Ok...I Cheated (Not Your Typical Infidelity Situation)

  • ImBlackYall

    Posts: 23

    Jul 07, 2015 11:20 PM GMT
    Damn, how can I condense this....

    Ok.

    So, Saturday I cheated on my bf of nearly 2 years (we are in a monogamous relationship, which I prefer BTW). I immediately felt remorse and regret and right afterwards, I went to his apartment (where I visited for the weekend) and I sat him down and confessed.

    Things to consider

    - this was an one off situation, no affair
    - I didn't do it because of opportunity and weakness to temptation. I did it because of feelings of rejection and that he didn't like the things that I cannot change
    -I was honest and upfront, when I could've lied to him (he had no clue what was taking me so long to come from the barbershop)
    -I genuinely love him and for the last few months, I've been open in my feelings of having shaky confidence due to certain things that taken place when we got intimate
    -I've forgiven him in the past and believed in him even after he did me wrong (didn't involve cheating but the breakup lasted for a month where he said hurtful things and even rejected me when I went 3 hours to his apartment unannounced to get him back)
    -he admitted after my confession that there were times he wasn't into the intimacy because things were on his mind (so why not talk about it? Sex takes a backseat)

    I'm already kicking myself because I should've been mindful enough to know that stepping out wasn't going to make me feel any better or help my situation. I can't live a lie to him. I've explained that to him but he says that I've broken the trust and he lost all respect for me. I know what I did was wrong and I own up to it. But I'd wish he'd show me the same empathy and understanding I shown him.

    He sent in a text that "obviously, you weren't satisfied with me" and "sorry iwasnt what you needed in bed"... But I've told him before that this isn't a fuck buddy situation, that it's a relationship. I'm worried about compatibility. Not sex. I know for sure that he's what I want. But my fear is that I'm not what he wants.

    The rest of the relationship is great, outside of that dynamic. The first breakup was 6 months ago but we have been in a better place this time around, with the exception of this one issue.

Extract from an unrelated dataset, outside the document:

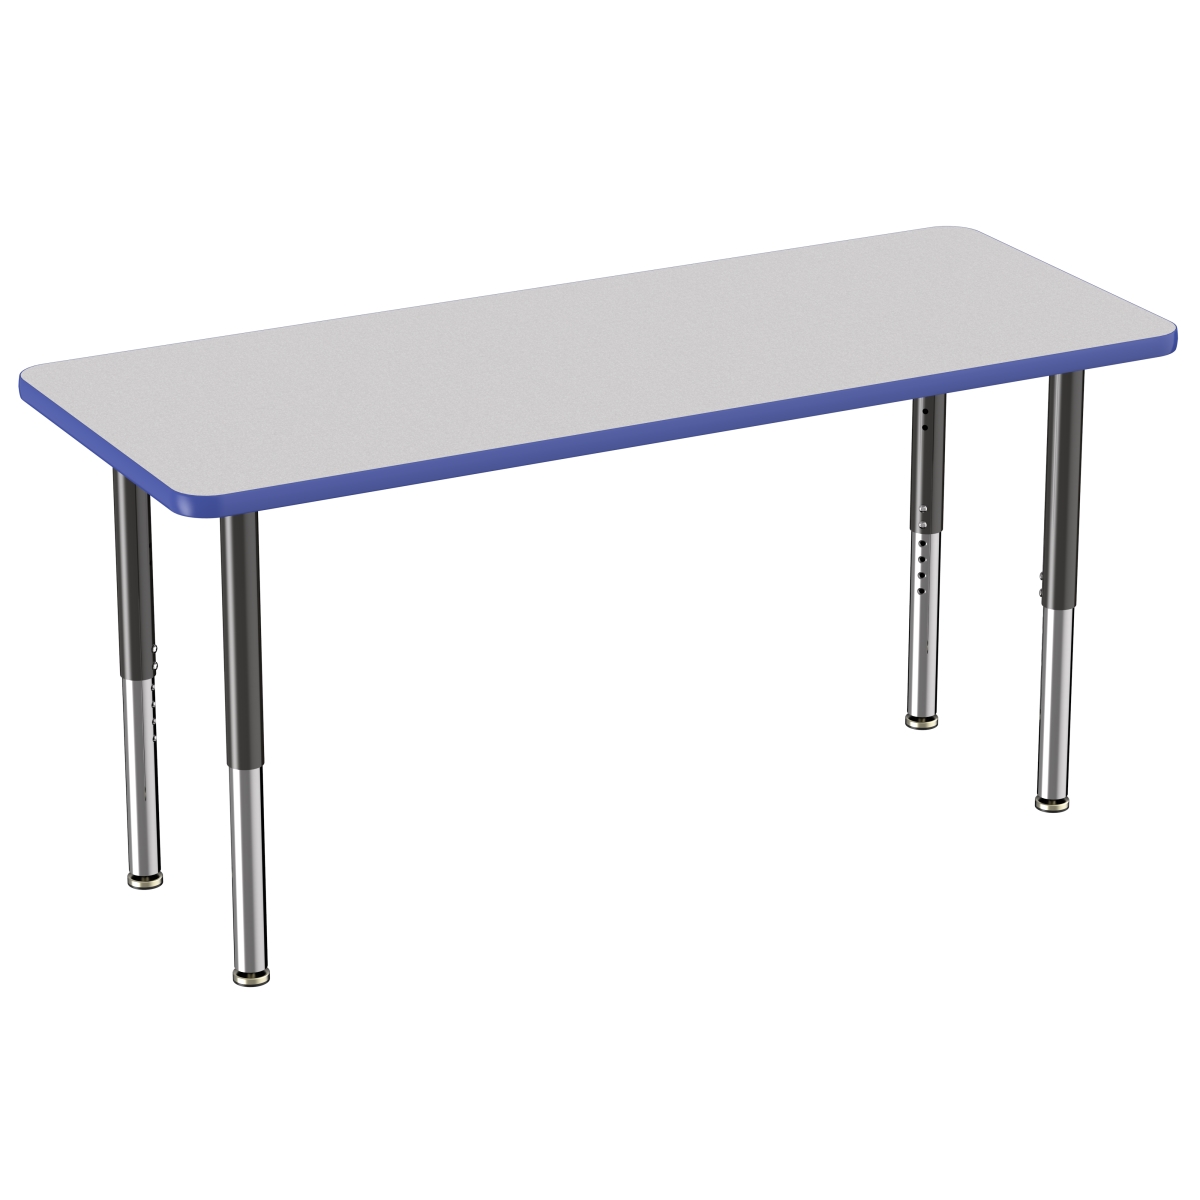 10014-gybl 24 X 60 In. Rectangle T-mold Adjustable Activity Table With Super Leg - Grey & Blue
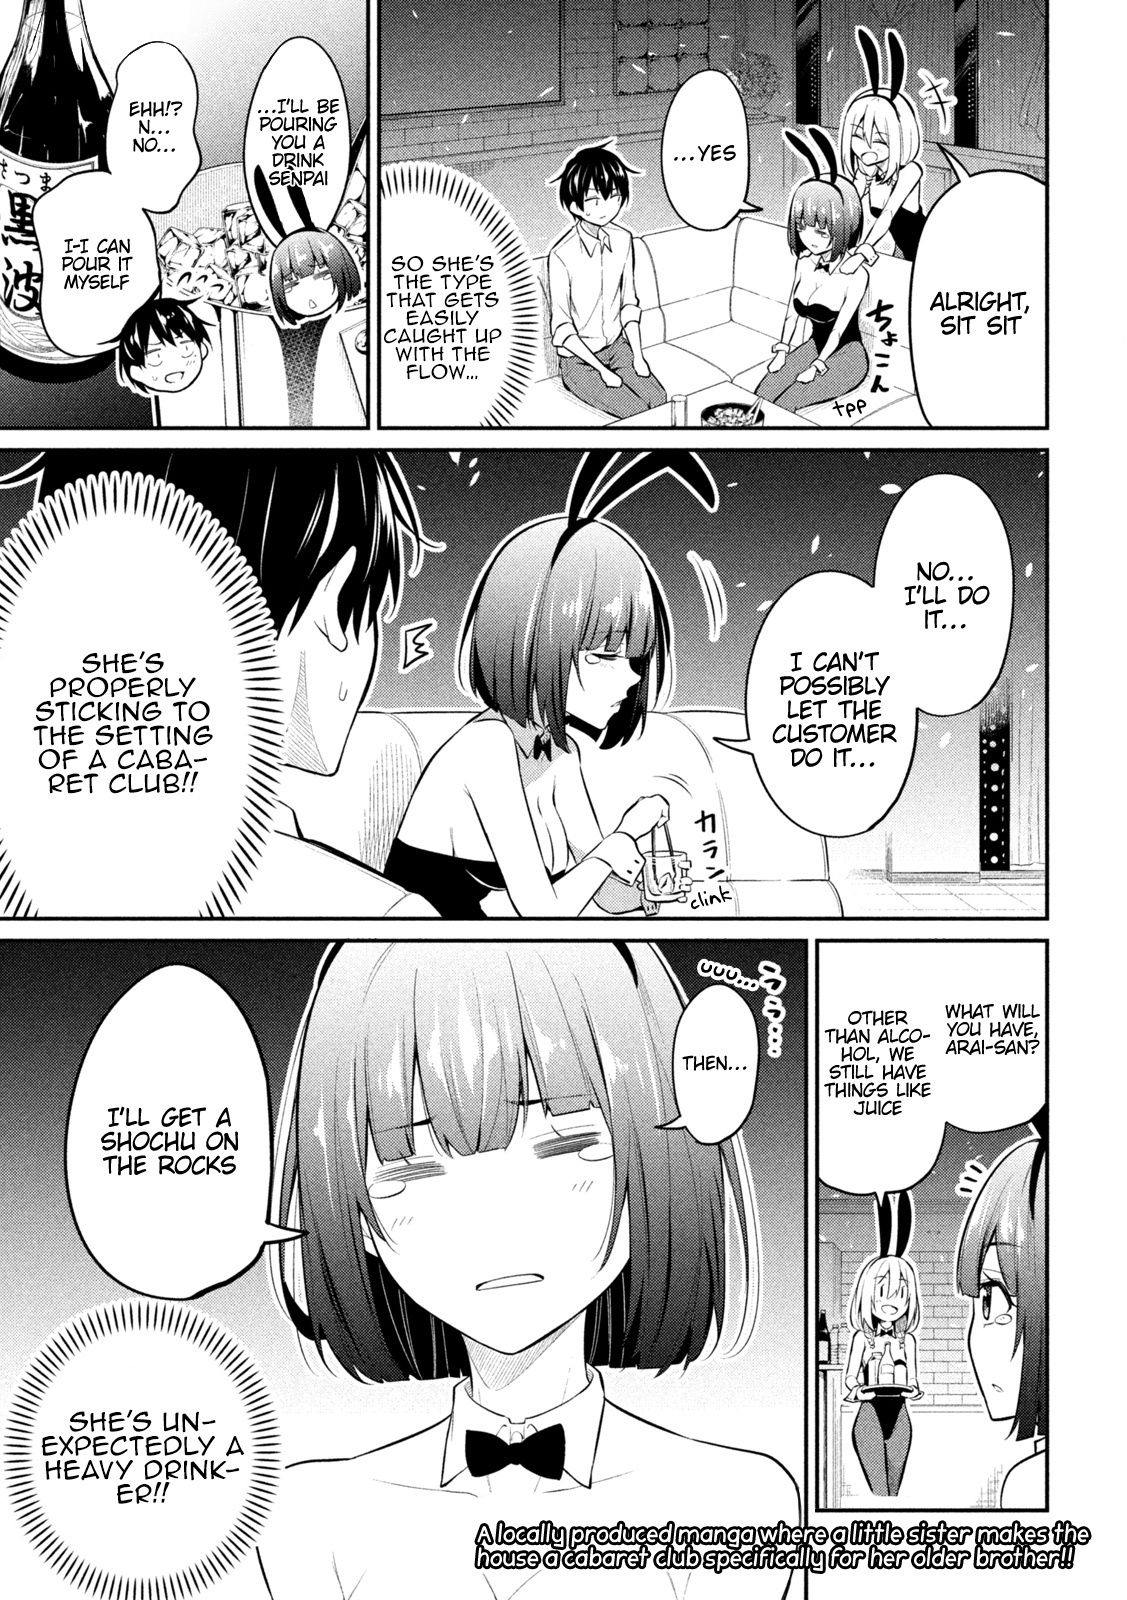 Home Cabaret ~Operation: Making A Cabaret Club At Home So Nii-Chan Can Get Used To Girls~ - Page 2

    Apologies for being long winded, but I've been lurking. I wanted you guys to get the back story in full
  • ImBlackYall

    Posts: 23

    Jul 07, 2015 11:43 PM GMT
    By the way, no troll here ;)
  • Unbelievable

    Posts: 6

    Jul 08, 2015 1:13 AM GMT
    It's not unheard of to regain someone's trust, but if you fear you're not what he wants, you need to talk to him about it and find out if that is true whether there is anything you can do go fix it (provided he is willing to give you a chance).
  • Beeftastic

    Posts: 1747

    Jul 08, 2015 9:51 AM GMT
    Personally, I couldn't have a relationship with someone I wasn't sexually compatible with. You are separating sex from the relationship, and I don't think that's healthy. Your relationship partner should be your fuck buddy first and foremost. If you two are not compatible in that way? Maybe if you had been together for years, that could change as you would have had time to become sexually bound together, and then you could both move away from that with a core connection still firm. But if this is happening so soon, then you might be losing your core connection.
  • Beeftastic

    Posts: 1747

    Jul 08, 2015 9:55 AM GMT
    Every person is different, you seem to be thinking that your infidelity was not a big deal for you, but obviously it is for him. If he had done this to you, what would your feelings be like? Time does heal wounds though, and maybe you can salvage it. But it sounds like you guys might have some differences that could haunt you.
  • Posted by a hidden member.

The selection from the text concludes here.